Solving a metastable mystery
At first, the prototypes worked fine, but about a quarter of them would intermittently start executing code from random locations. We quickly traced the problem to my board, but even the worst prototype would only fail once an hour. I was lucky that firmware development was scheduled to last more than six months before the product would go into production, because this kept me off the critical path while I attempted to track down this intermittent bug. I spent almost all of this time trying everything I could think of—with no success.
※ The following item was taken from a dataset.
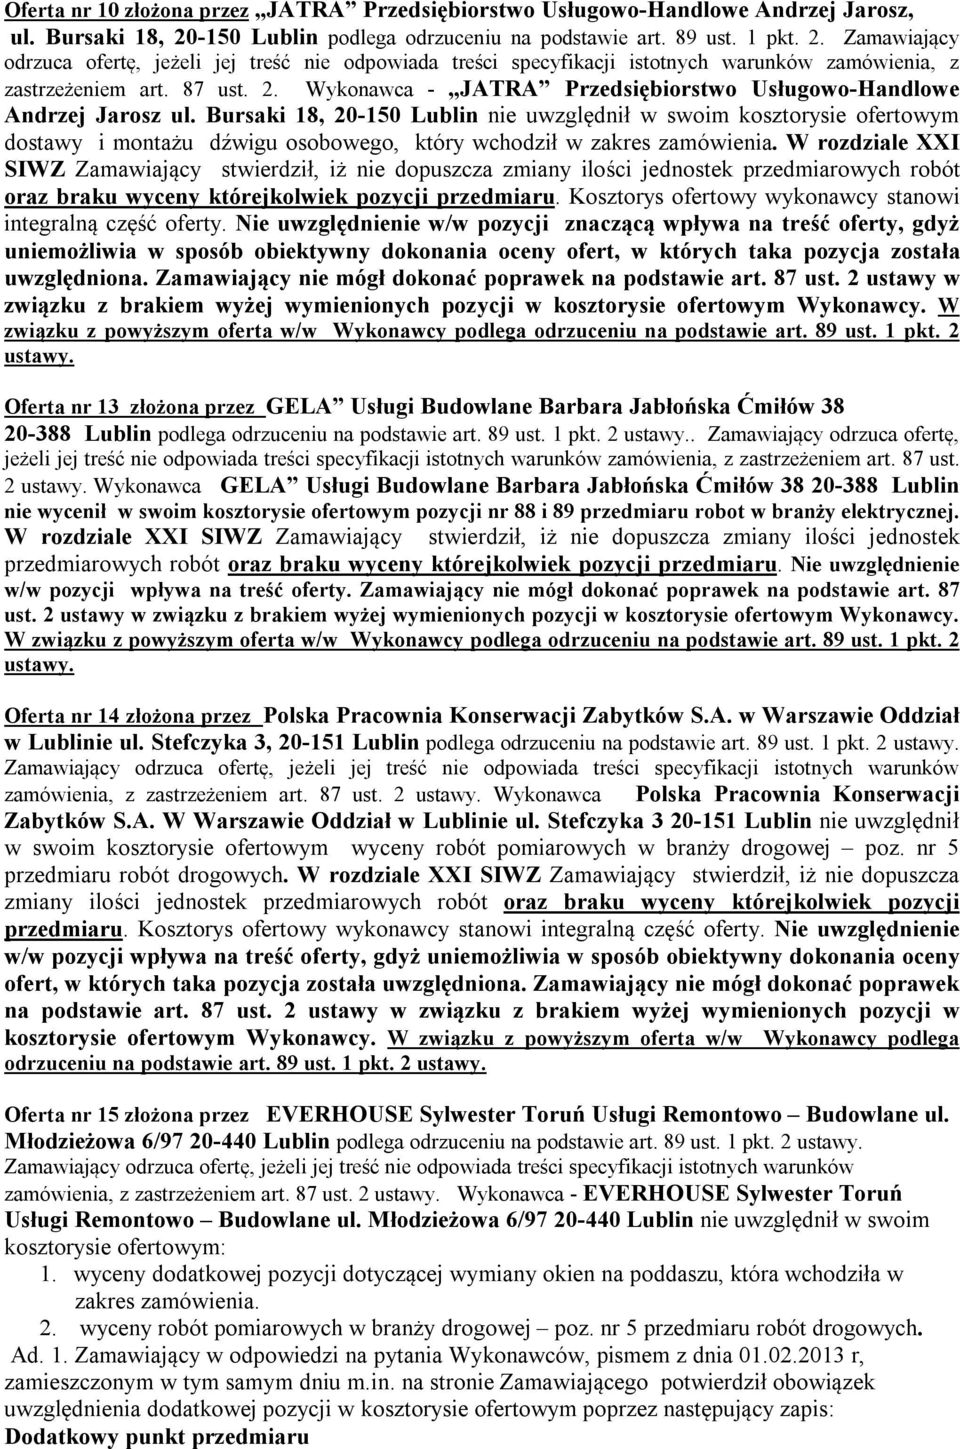 Bursaki 18 20-150 Lublin nie uwzględnił w swoim kosztorysie ofertowym dostawy i montażu dźwigu osobowego który wchodził w W rozdziale XXI SIWZ Zamawiający stwierdził iż nie dopuszcza zmiany ilości

After spending six months fighting with this bug, I took most of a day off to attend an Intel seminar about the company's new single-chip DSP. It was completely unrelated to my project, but it helped me get out of the rut I’d dug looking for the bug.
When I got back to work, I had a wild idea for a tricky way to use a four-channel analog-storage oscilloscope. I added all the channels together and adjusted the vertical scale for each one to a unique scale factor (10V/div, 5V/div, 2V/div, and 1V/div). This could produce 16 possible levels depending on the 5V TTL logic levels applied to the four scope probes. I triggered the scope with the start of any Z80 bus cycle. I then waited for the bug to occur.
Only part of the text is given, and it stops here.